Терять мне в ту незабвенную пору было нечего, и я, кашляя от скрытого смущения и отплевываясь, не стесняясь стал резать правду-матку: дескать, вы издаете халтуру всяких псевдопролетарских примазавшихся бездарностей, недобитых символистов, в то время как у вас под носом голодает и гибнет величайший поэт современности, гениальный будетлянин, председатель земного шара, истинный революционер-реформатор русского языка и так далее. Я не стеснялся в выражениях, иногда пускал в ход матросский черноморский фольклор, хотя в глубине души, как все нахалы, ужасно трусил, ожидая, что сейчас разразится нечто ужасное и меня с позором вышвырнут из кабинета.

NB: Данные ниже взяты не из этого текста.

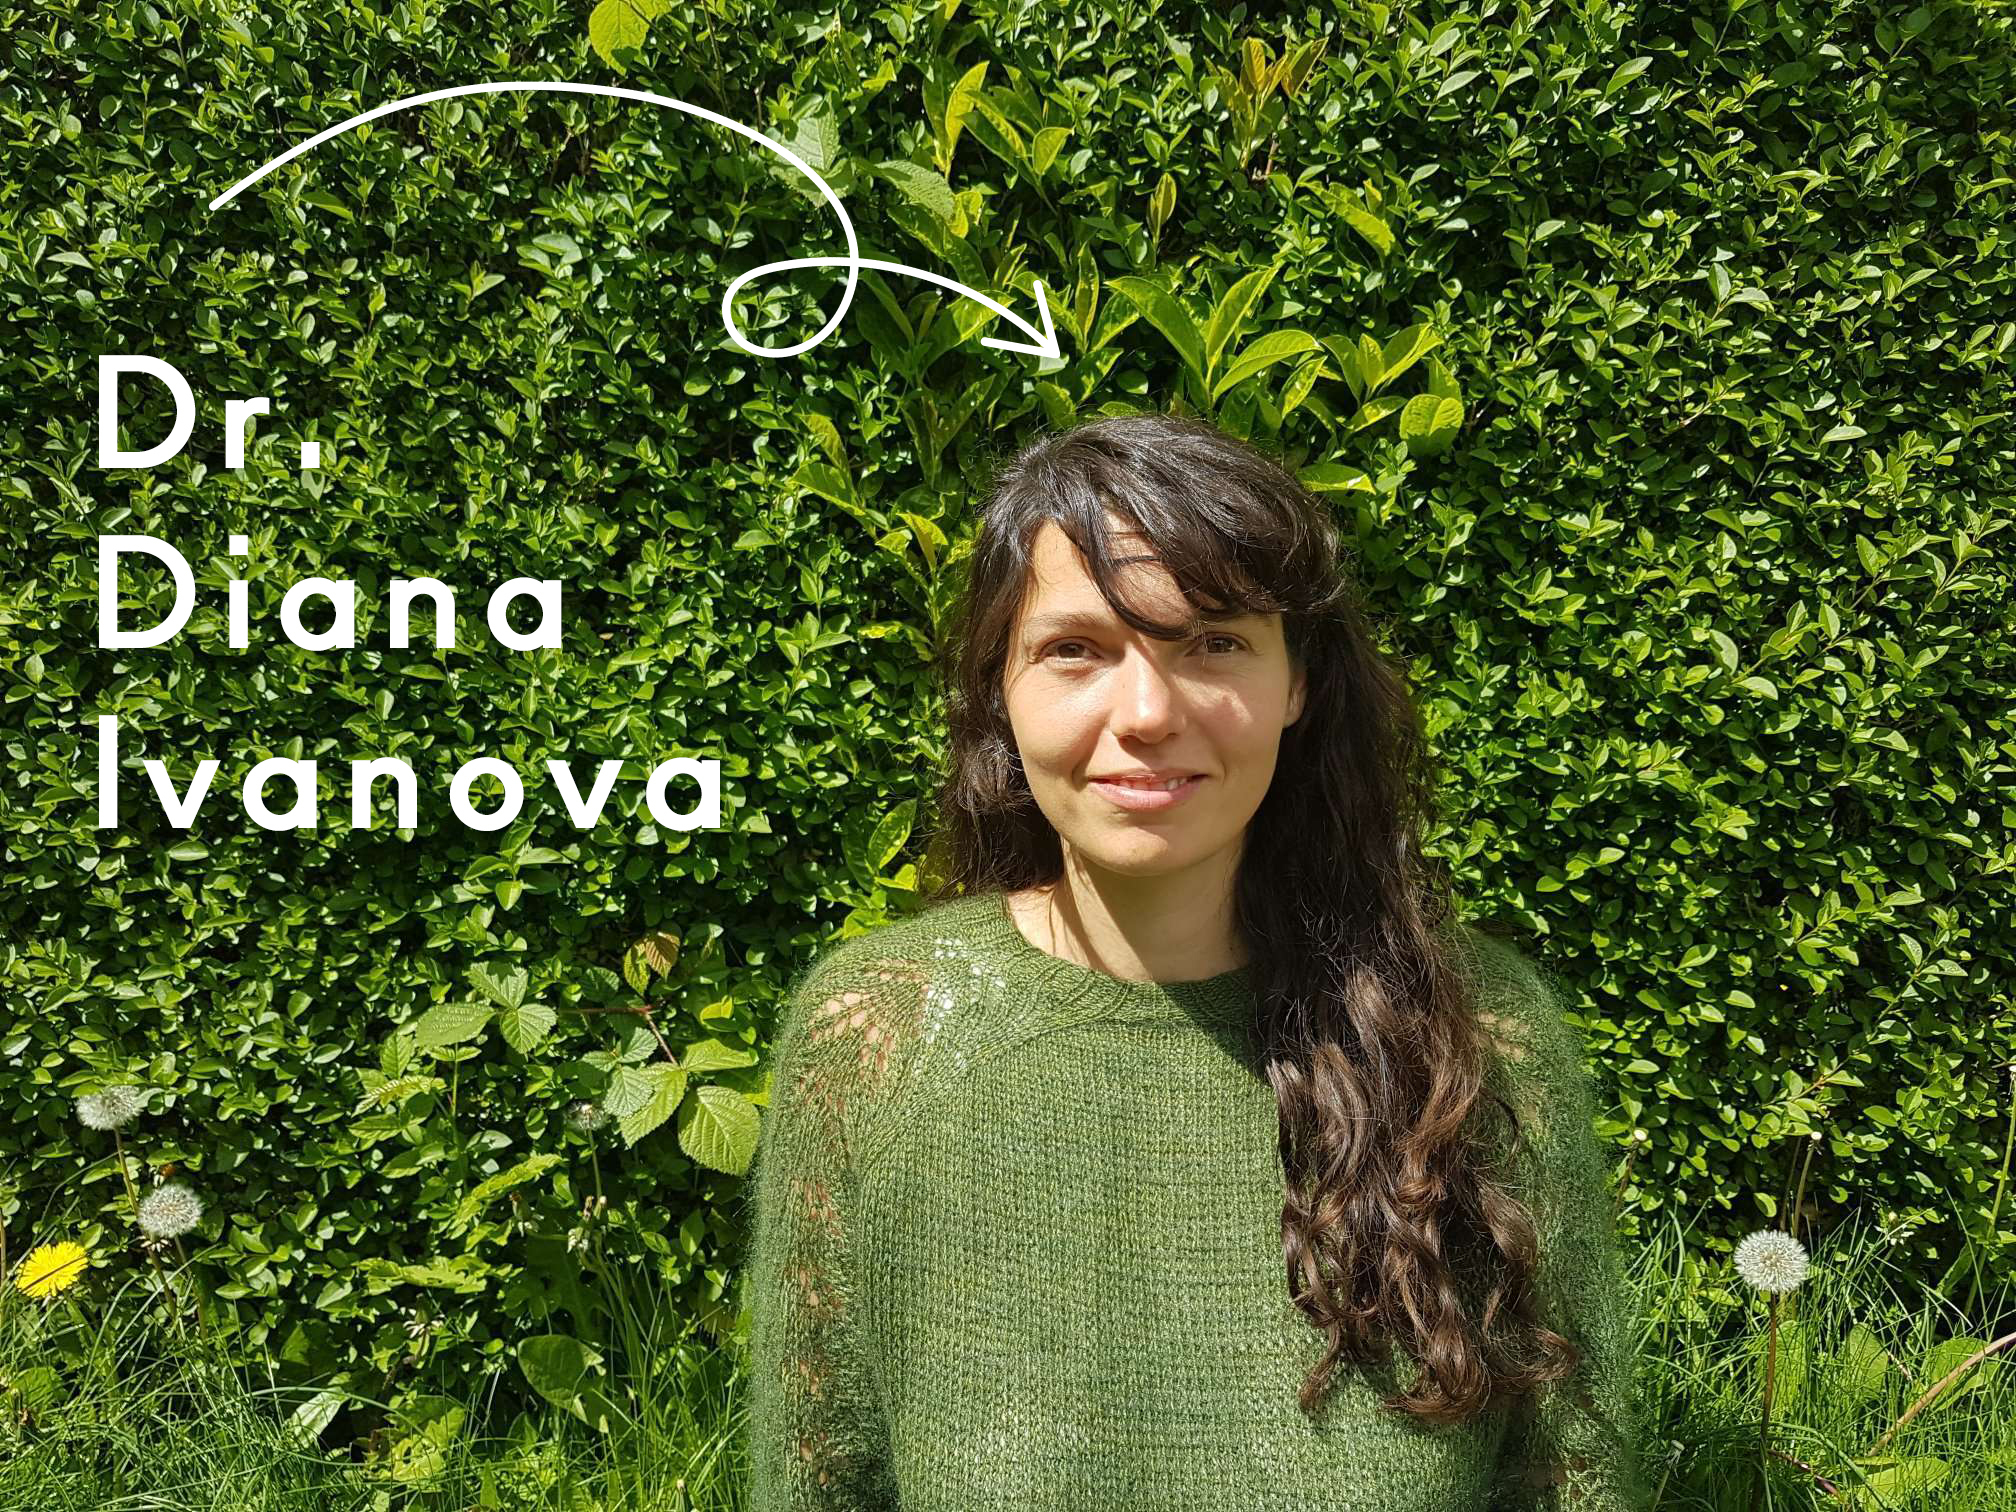 https://agood.com/blogs/community/diana-ivanova-interview
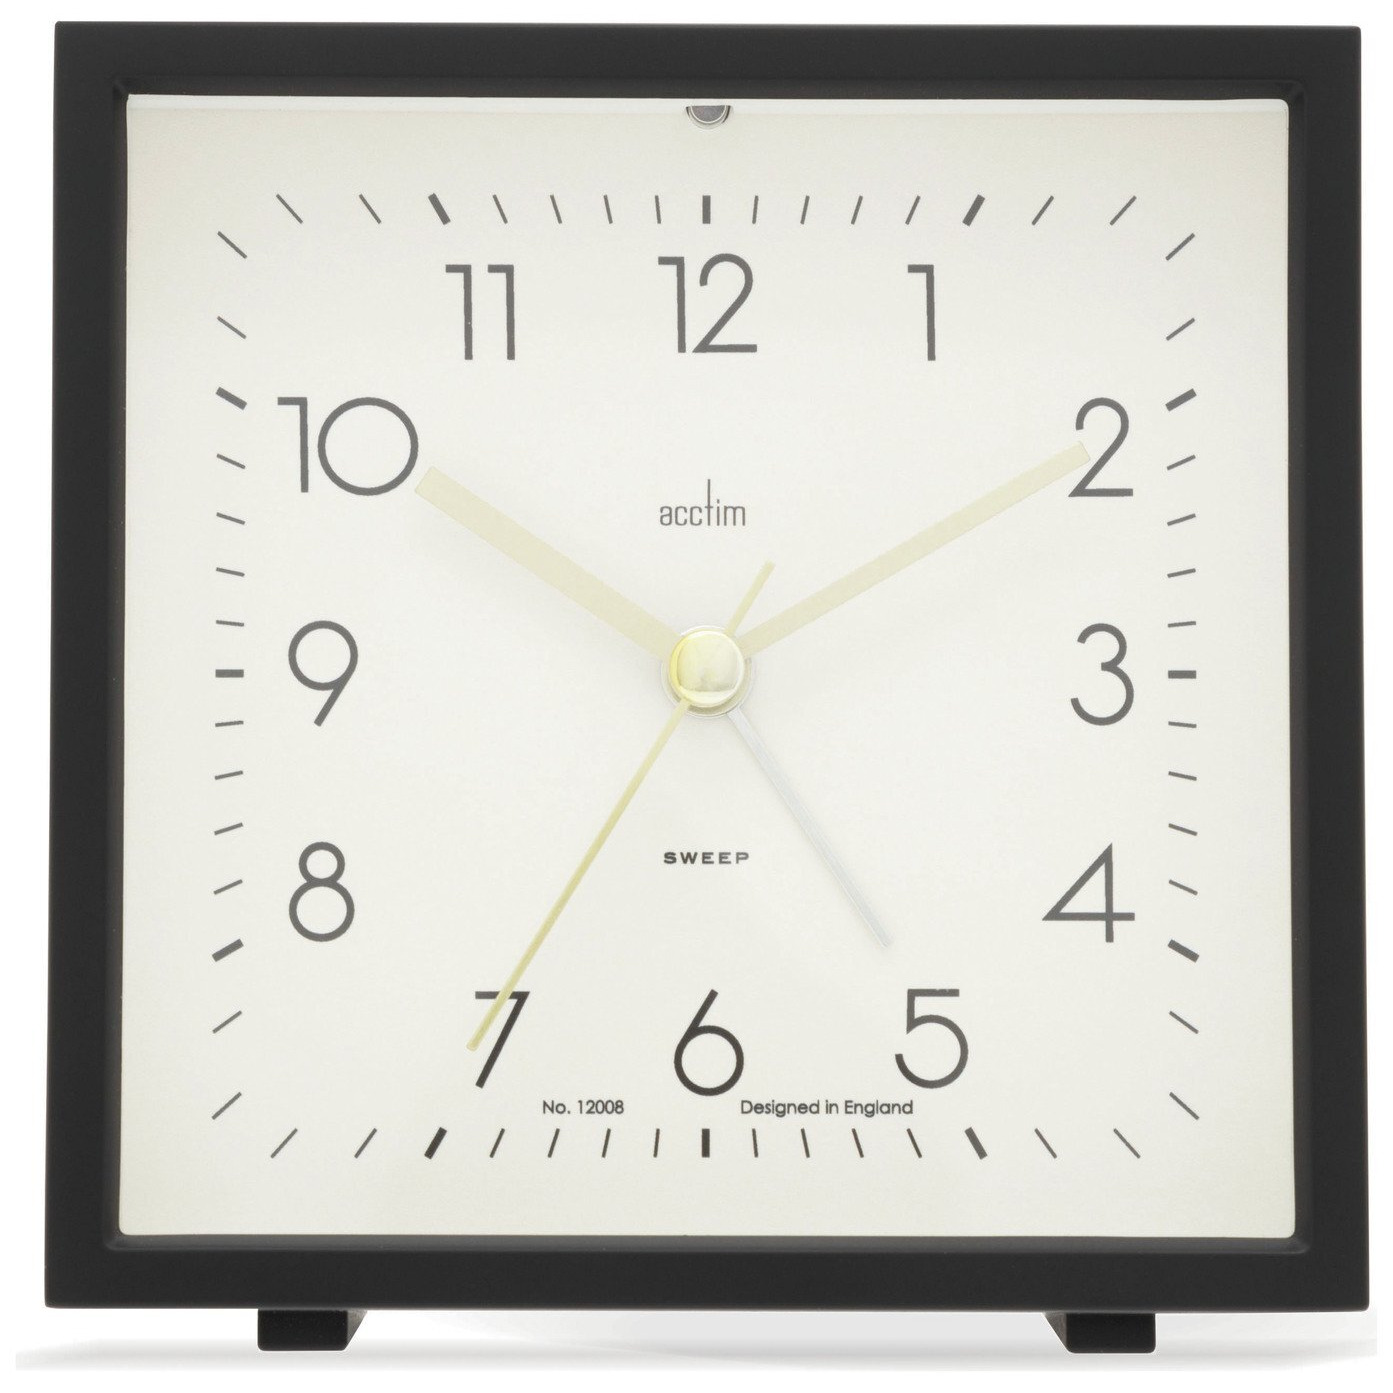 Acctim Heno Analogue Alarm Clock - Black - image 1

Однако человечек с грозными пиками усов (тот самый литературный критик, фамилию которого Командор так ужасно и, кажется, несправедливо зарифмовал со словом «погань») оказался довольно симпатичным и даже ласковым.{540} Он стал меня успокаивать, всплеснул ручками, захлопотал:
— Как! Разве он в Москве? Я не знал. Я думал, что он где-то в Астрахани или Харькове!{541}
— Он здесь, — сказал я, — сидит внизу, в толпе ваших халтурщиков.
— Так тащите же его поскорее сюда! Он принес свои стихи?
— Да. Целую наволочку.
— Прекрасно! Мы их непременно издадим в первую очередь.
Я бросился вниз, но будетлянина уже не было. Его и след простыл. Он исчез. Вероятно, в толпе писателей, как и всегда, нашлись его страстные поклонники и увели его к себе, как недавно увел его к себе и я.
Я бросился на Мыльников переулок. Увы. Комната моя была пуста.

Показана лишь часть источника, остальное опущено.